Exercise brief.
From the listing that follows, reproduce only the lines from the one holding "A Ferguson tractor" through the one holding "Abuelita Unisex Iconic T-Shirt", both included, with no pictures.

Exercise data.
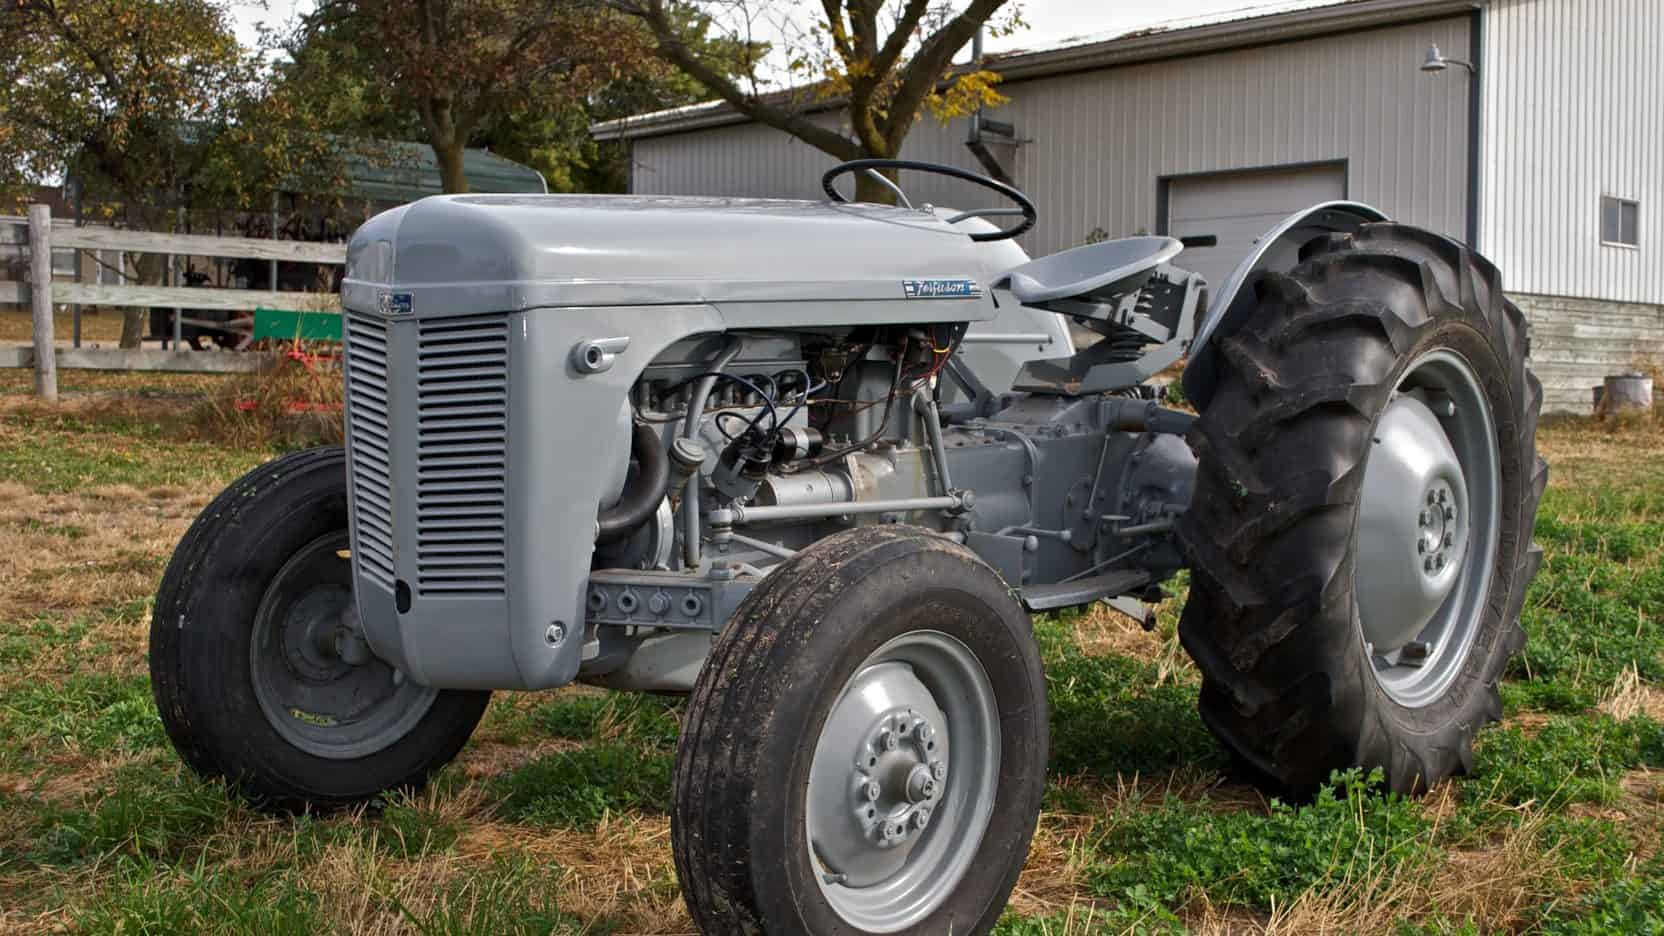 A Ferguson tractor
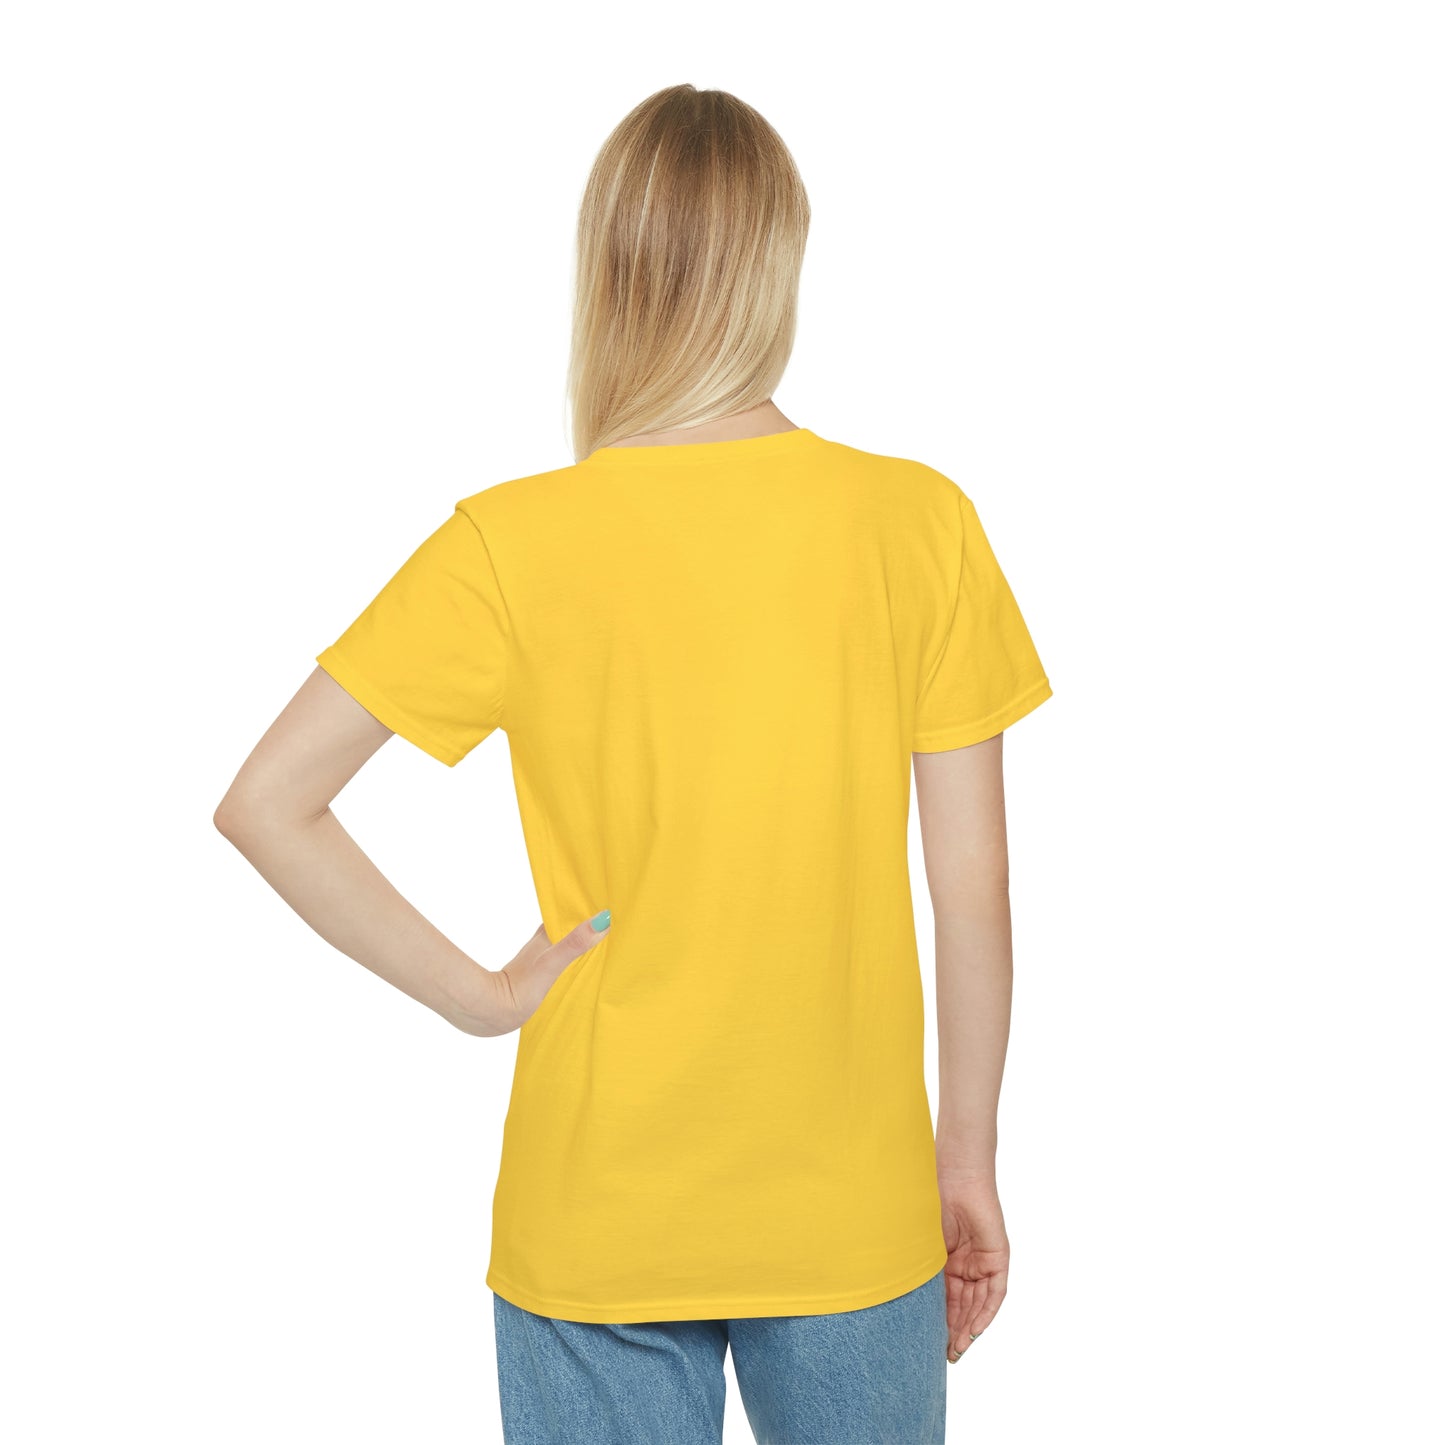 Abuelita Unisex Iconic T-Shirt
--
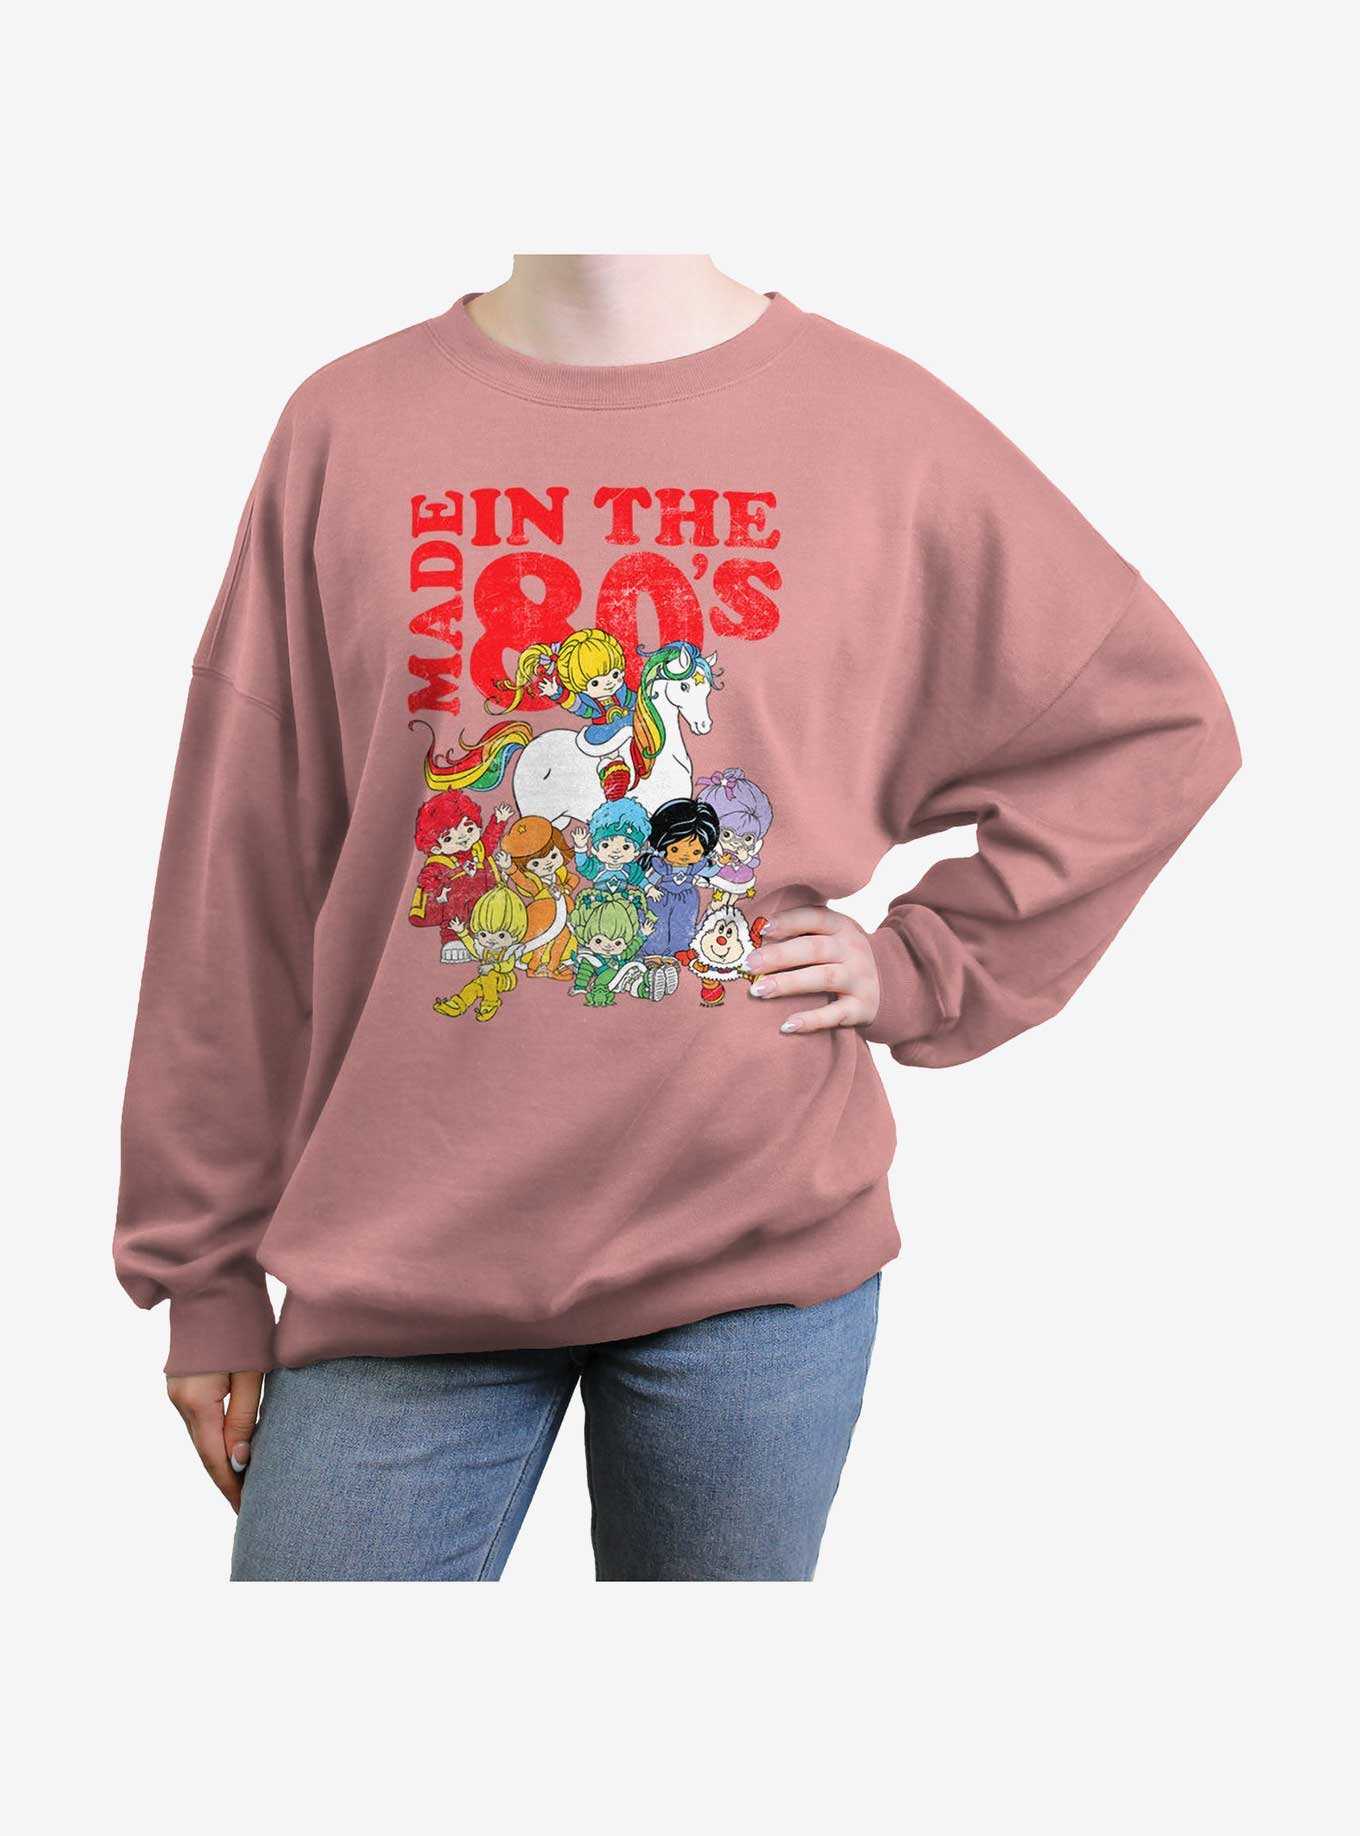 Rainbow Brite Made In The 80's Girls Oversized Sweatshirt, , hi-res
--
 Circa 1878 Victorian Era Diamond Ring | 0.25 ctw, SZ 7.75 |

Solution for this problem.
 A Ferguson tractor
 Abuelita Unisex Iconic T-Shirt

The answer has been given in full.